At the 2017 State of the Net Conference last week in Washington, D.C., analysts gathered to peer into the future — as best they could, of course — to discuss what the recent change of political power bodes for privacy and some of the key agencies that regulate it, such as the Federal Trade Commission and the Federal Communications Commission.
"Rethinking The Future of Communications Policy" saw discussion on the planned restructuring of the FCC under new Chairman Ajit Pai. Panelists agreed there are plenty of uncertainties ahead, and they also agreed there's a lack of varied perspectives within the FCC itself.
Gigi Sohn is a fellow at the Open Society Foundations, but she used to be a counselor to Former FCC Chairman Tom Wheeler. She said one of the problems plaguing the FCC is the makeup for the agency itself.
“It’s extremely frustrating to try and bring engineers, to try and bring economists into the building," she said. "And as a result, we end up relying on industry-supported, industry-founded technological reports, and industry-funded economic reports. That's not what you want."
Employee perspective aside, the FCC's future role in privacy regulation is something stakeholders are watching closely, especially now, with Pai at the helm. Particularly, panelists noted, its yet unknown what will happen to the agency's broadband privacy rules.
"I think that when the FCC adopted its broadband privacy rules, it gave a really nice template for what privacy could look, like not only for networks but also for the edge [providers], which is one of the reasons that edge providers weren't so thrilled with our privacy rules," Sohn said.
She pointed to the controversy surrounding web browsing data's status as either sensitive or non-sensitive information as a potential area of future revision. "I would expect that at a bare minimum, the new majority would roll back the web-hosting and make them nonsensitive as opposed to sensitive," Sohn said, calling it an imperfect but better-than-everything move.
Then there's that whole thing about the FTC v. the FCC as privacy regulators. What's to happen there?
"There's obviously the problem of having two agencies with very different approaches, one a regulatory approach, wether a case-by-case approach, and the FTC regulating different parts of the ecosystem," said Larry Downes, director of the Georgetown University Center for Business and Public Policy. He said even if the two agencies' rules were harmonized, its actual synchronism would be limited.

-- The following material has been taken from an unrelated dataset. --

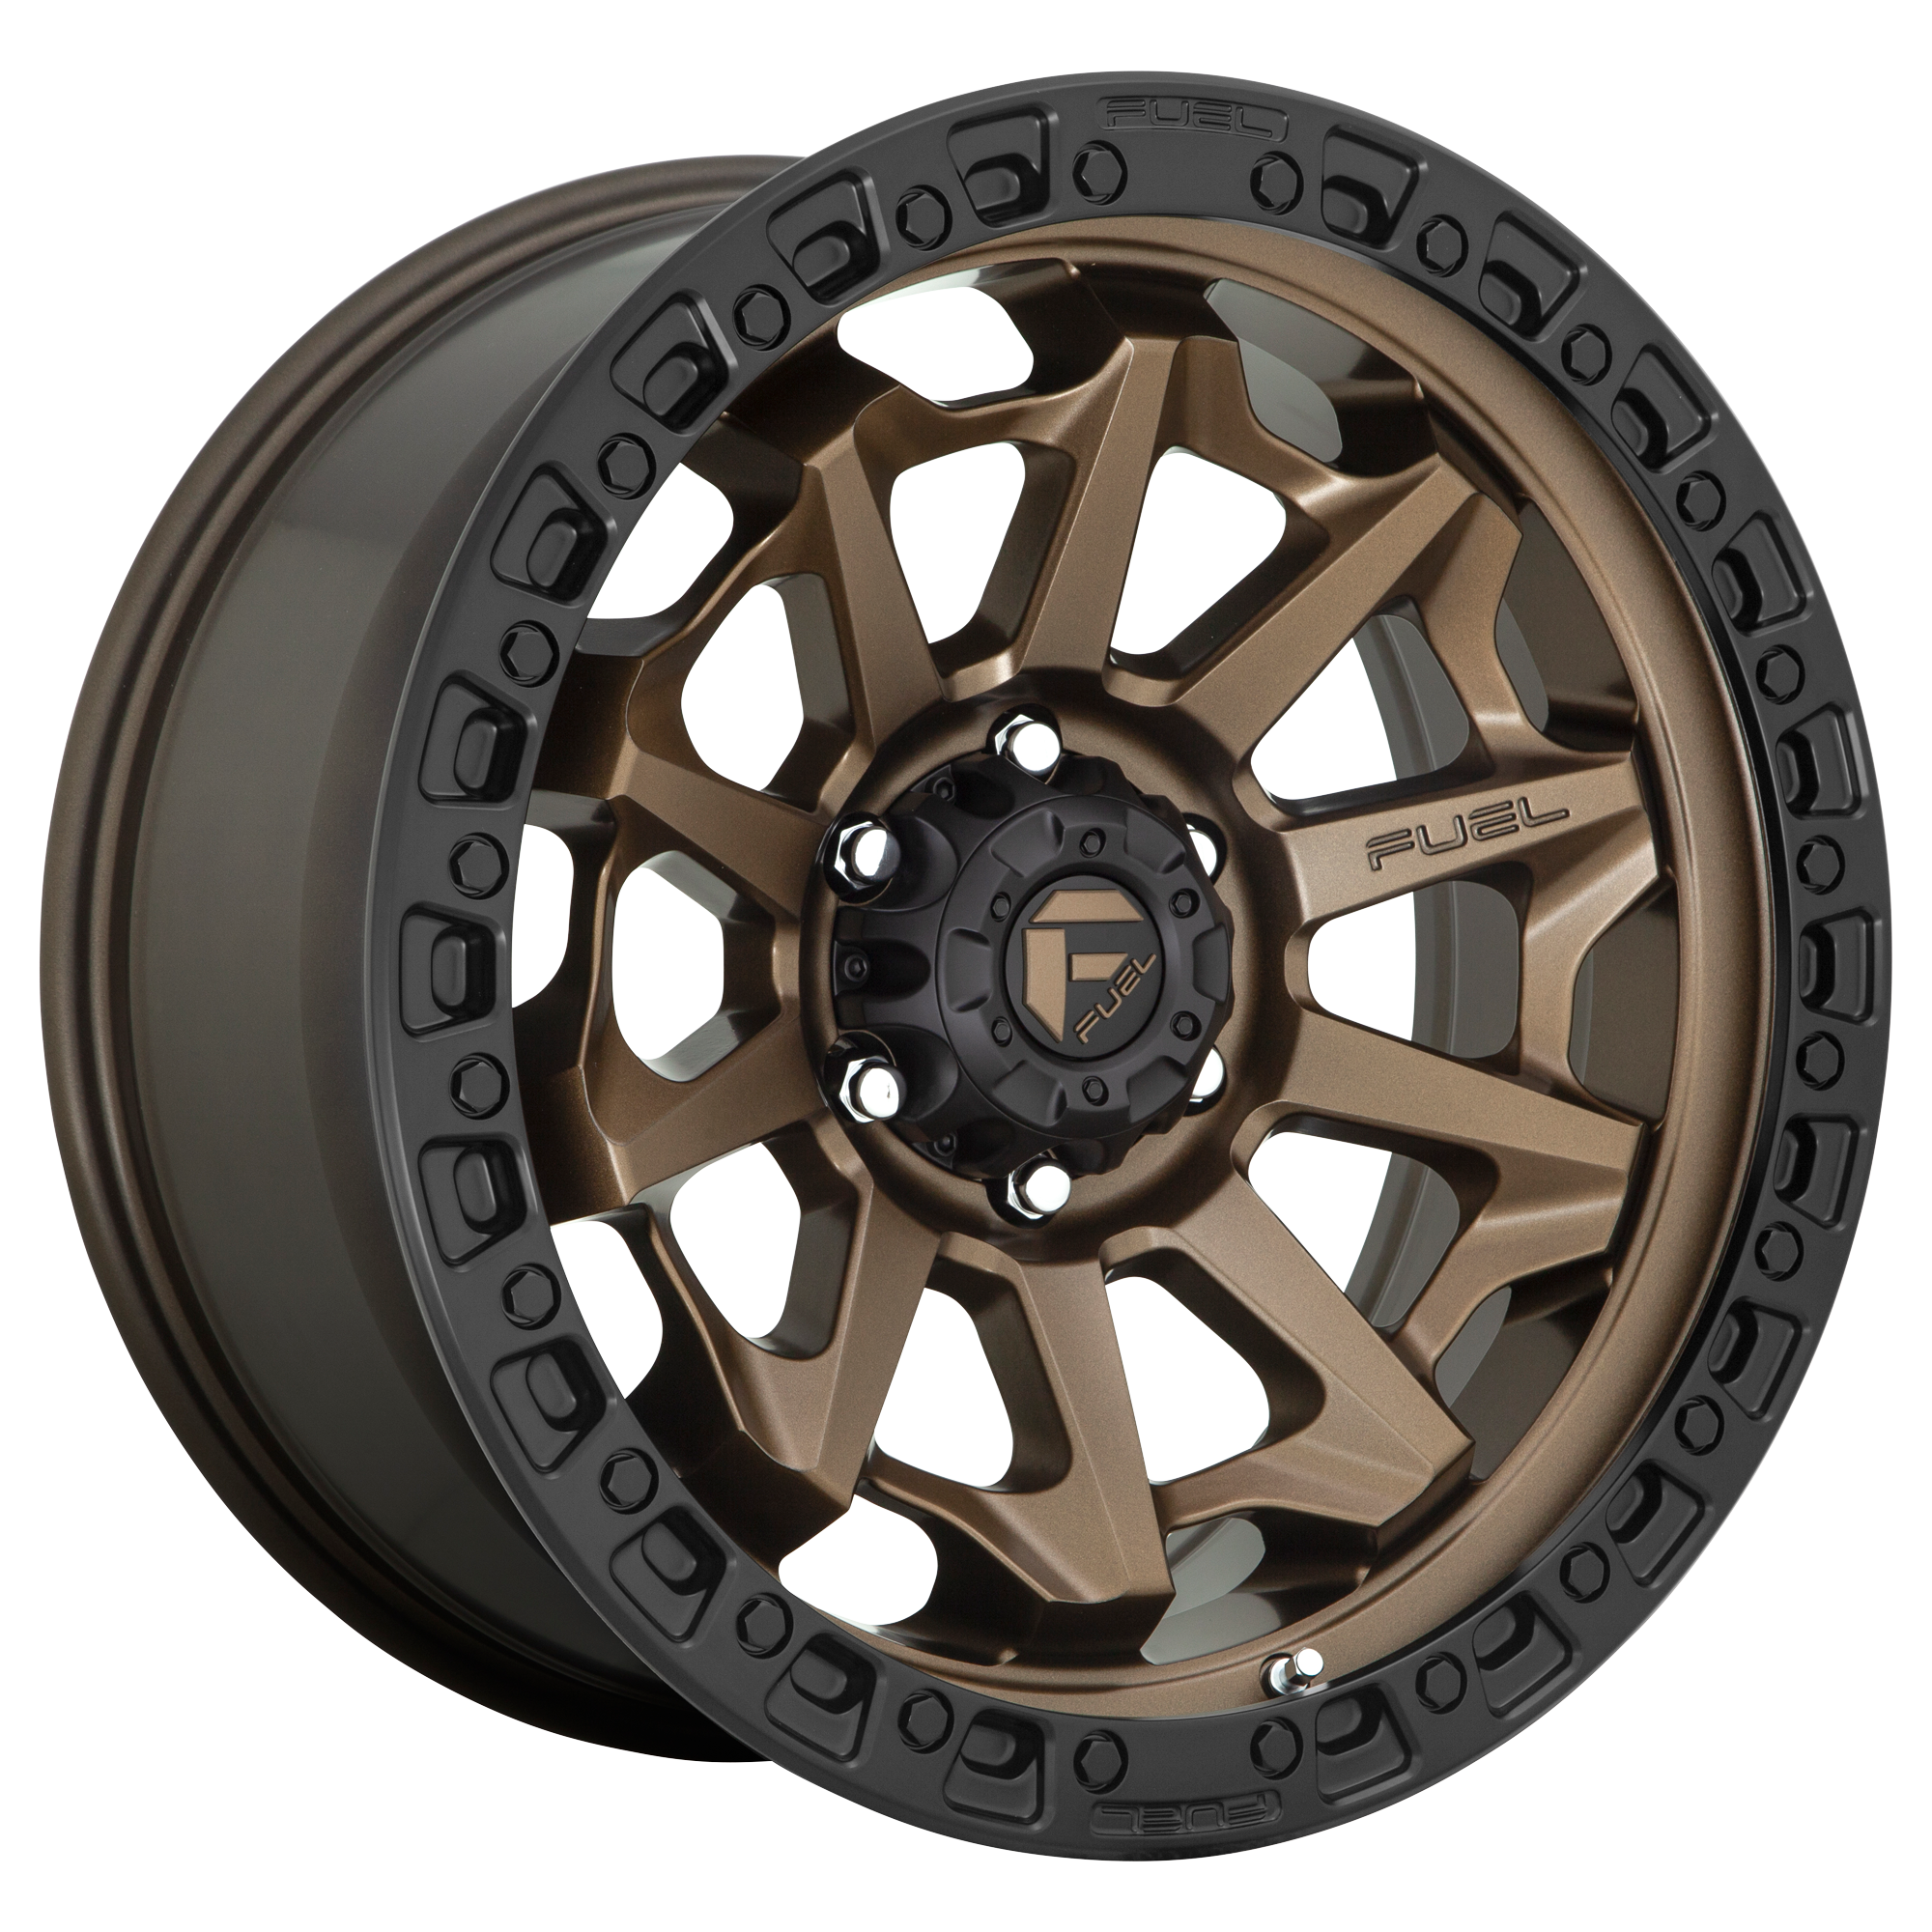 COVERT 18x9 6x135.00 MATTE BRONZE BLACK BEAD RING (-12 mm) - Tires and Engine Performance

"I'd like it to be two sets of rules enforced by the FTC," he said, while acknowledging that the 9th circuit decision restricting the FTC's regulatory jurisdiction made moving in that direction a bit more difficult than it used to be. Steptoe & Johnson’s Markham Ericsson agreed, calling the agencies' differing rules a source of "regulatory arbitrage" resulting in consumer confusion.
Sohn disagreed. "I don't think consumers are confused," she said. "Again, I think what would have been nice was to raise the bar as opposed to lower the bar, and that's something Congress could still do if they wanted to do."
Jamison said ultimately coherence is what's missing in the regulatory framework.
"It would be really good to have uniformity ... in how this is done," he said. "Whether it should be up or down is then the debate to have, but it should be coherent."
Sohn countered that it's not strange for industries to have more than one regulatory body, pointing to banking and aviation industries as examples.
"The FCC and the FTC work really well together, and there's no reason why that can't continue in the future," she said. Yet, "when a portion of the economy is so critically important to people, as this one is, it's not an odd notion, and in fact I think its prudent and necessary, to have more than one regulator."
Downes countered, "But it's not one industry, multiple regulators. It's different parts of the same industry, different regulators for the same topic."
As for how those two regulators will work together now, it's anyone's guess.